Why has Wales (in the UK) been considered separate from England throughout the history of the English Isles when there doesn't seem to be any geographic structure separating England from Wales?

by ljferguson94
illiam_j

To understand this simply learn the spelling rules for Welsh then sing along with the first line of the second verse of the Welsh national anthem, known in English as 'Land of our fathers':

"Hen Gymru fynyddig, paradwys y bardd"

("Old mountainous Wales, the bard's paradise".) In other words, Wales is:

(a) mountainous, much more so than England. Take a look at an exaggerated relief map of Britain (there is an example at: http://relief-maps.co.uk/assets/map-images/dorrigo030_british_isles_detail_1.jpg) - you'll see straight away that it's not entirely true to say that there is 'no geographic structure separating England from Wales' - the two countries of the UK have pretty distinct physical geographies, and the mountainous areas resisted Anglo-Saxon conquest far more effectively and for far longer than the lowlands of south-eastern Britain.

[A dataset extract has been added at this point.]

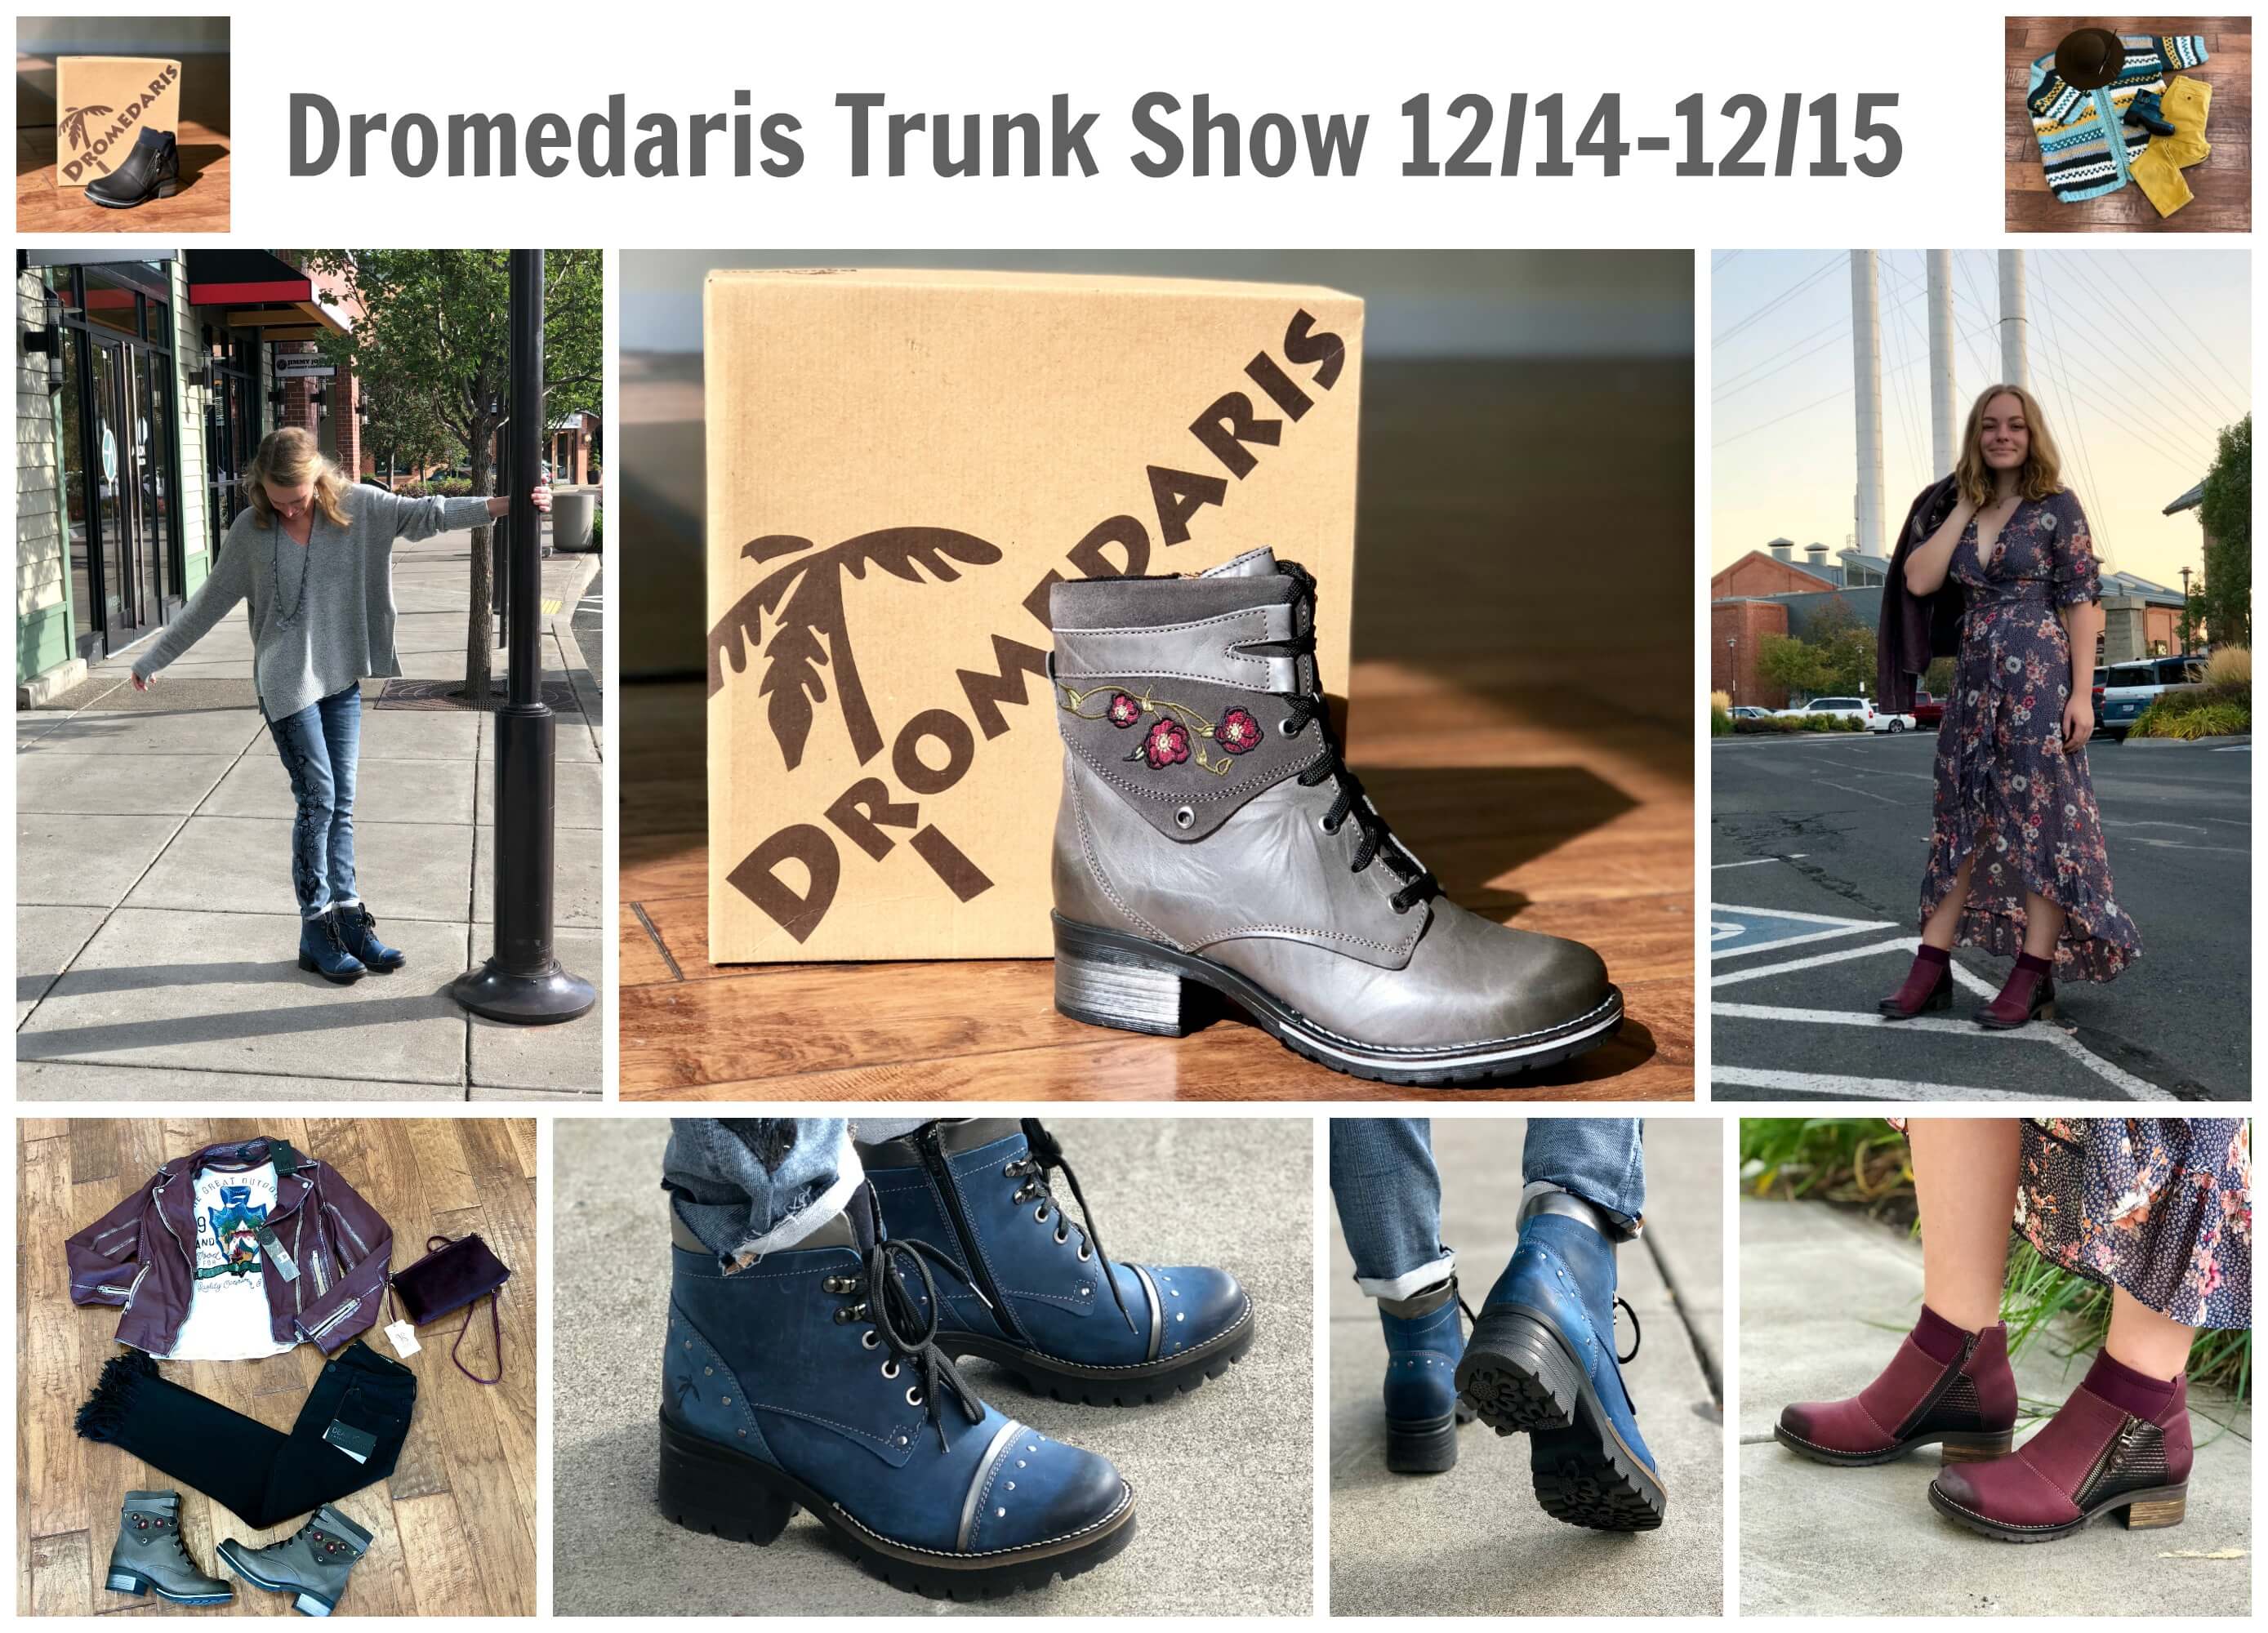 Images of Dromedaris footwear.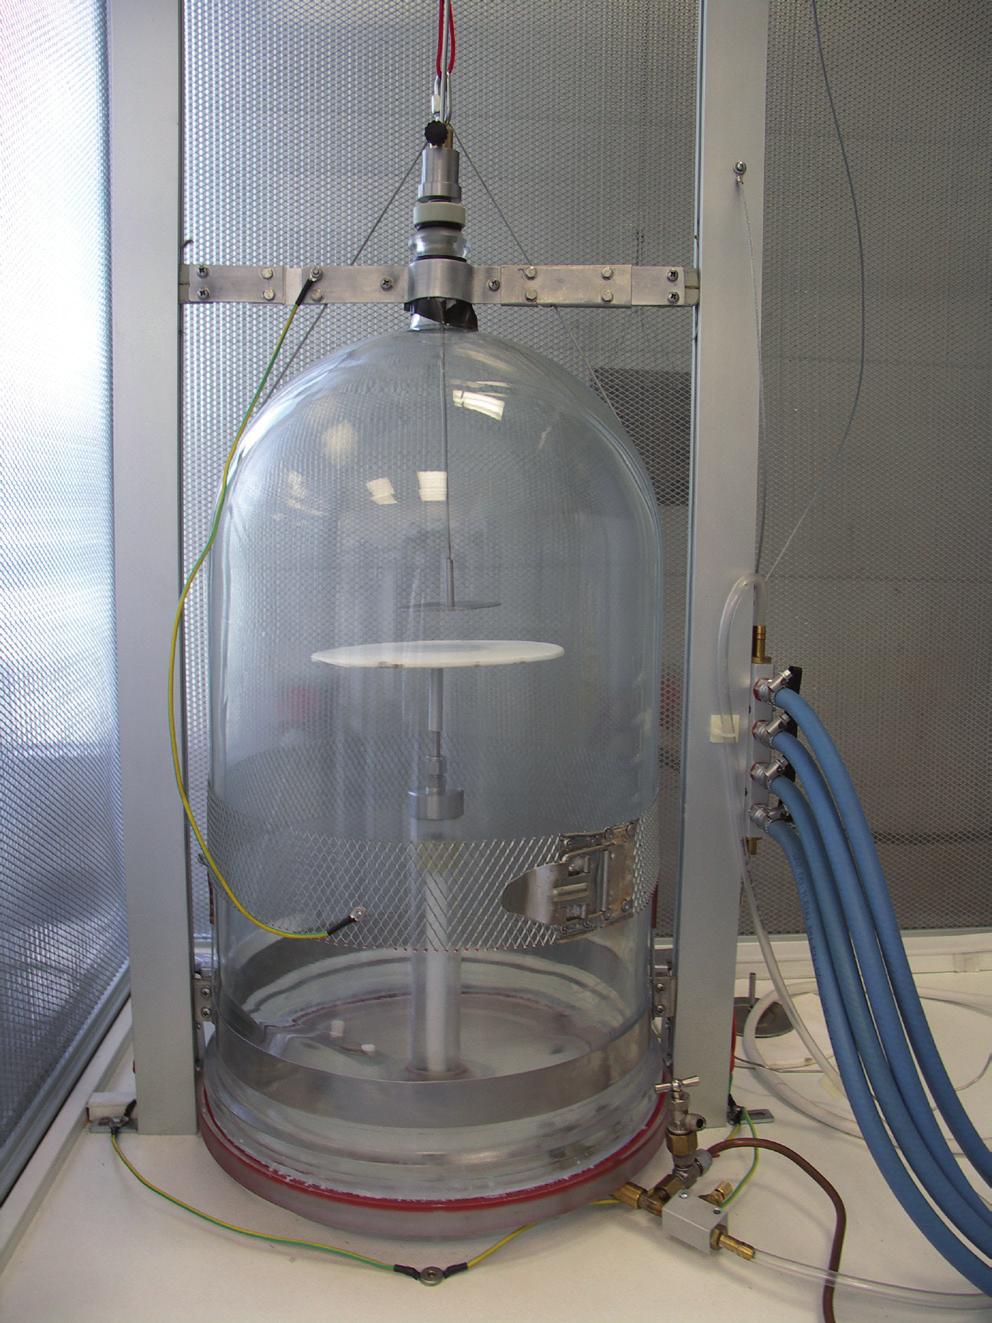 Analizę lotnych związków zapachowych przeprowadzono metodą chromatografii gazowej przy użyciu aparatu firmy Agilent Technologies 6890 Network GC System, zaopatrzonego w detektor masowy (GC/MS).

In the 8th century, a human structure was added to this geographical distinction when the (Anglo-Saxon, lowland) kingdom of Mercia constructed a huge defensive earthwork to protect itself from attack by the (Welsh, highland) kingdom of Powys. The modern border between Wales and England still closely follows this barrier, Offa's Dyke, along part of its length. It wasn't until the 1100s that a powerful new military technology - the Norman castle - was used to project power deep into old mountainous Wales and slowly bring it under English control.

(b) culturally and linguistically distinct from England. As late as 1800, the Welsh language (Cymraeg) was spoken by almost the entire population of Wales, and it may be more correct to say that it's the Welsh people who have been considered separate from and by the English. The concept of the United Kingdom as being a "country of countries", with England and Wales existing as two non-overlapping constituent countries within one nation-state, is a far more recent idea, and it may be that without the precedents set by the acts of union with Scotland and Ireland, Wales would now be treated as a culturally distinct part of a modern Kingdom of England.

Through in-migration to Wales in the 19th century during the industrial revolution and the introduction of homogeneous compulsory education in English by a centralising British state, the proportion of Welsh-speakers had dropped to about 50% of the population by 1900. But alongside this decline in the heniaith (the "old language") came a revival of a distinct Welsh national and cultural identity, including a distinctively Welsh strand of non-conformist Christianity, and a re-invented artistic tradition centred around the bard or poet and the eisteddfod, a national form of literary-musical competition and festival.

Further reading: Williams, Gwyn A. When was Wales? a history of the Welsh (London: Black Raven, 1985).